My employer is paying for me to travel to (city- undetailed as it would give info about my client) and visit my client’s memorial service which is really nice that they are willing to take care of this for me.
I have a couple of worries I will share:
1. I am an introvert and the only person I know is (dead)- I’m trying to be respectful but I don’t know another way to phrase it (at the same time I think my client would see this as a humorous situation)

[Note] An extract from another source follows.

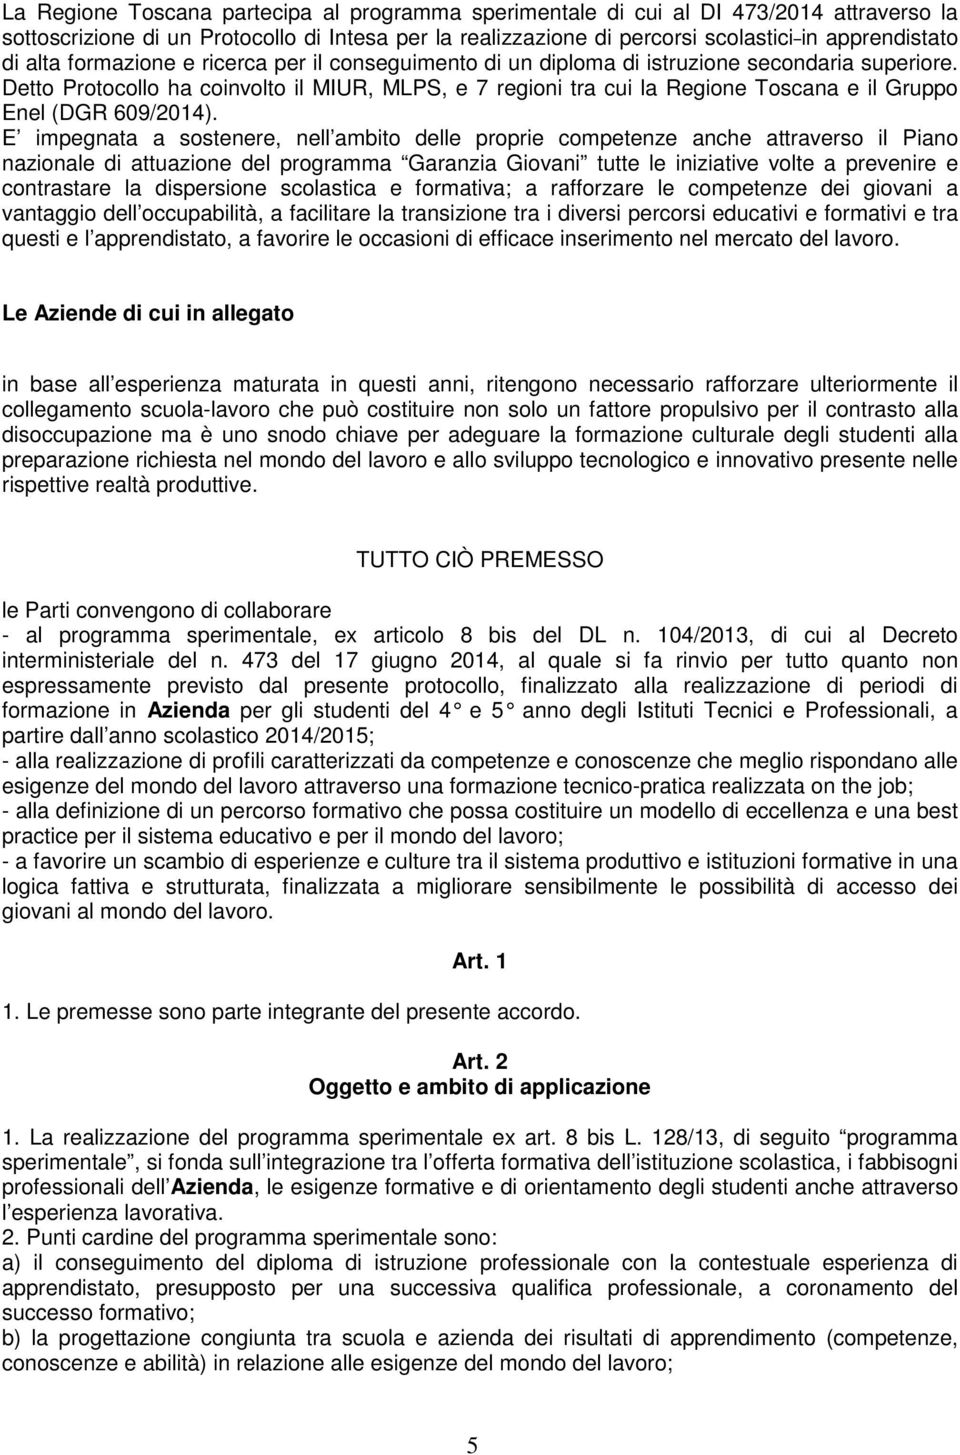 Detto Protocollo ha coinvolto il MIUR, MLPS, e 7 regioni tra cui la Regione Toscana e il Gruppo Enel (DGR 609/2014).

2. I’ve never visited (certain city) other than the airport – and will be driving myself around- I hope I don’t get lost
3. I have to get up at 2 am for my flight- I might be tired – I will for sure need food (where can I find gluten free food in (city?) to help address fatigue
So I’ve googled all the places I need to drive and looked at the maps of all the locations. I also noticed several shopping locations which look like fun (my return flight is later so I might have an hour or two to explore). You all know I excel at shopping!
I do love to travel and discover new locales and I think discovering a new place and shopping (#self care) might distract me from being sad or overwhelmed on this trip. I’ll let you know what happens!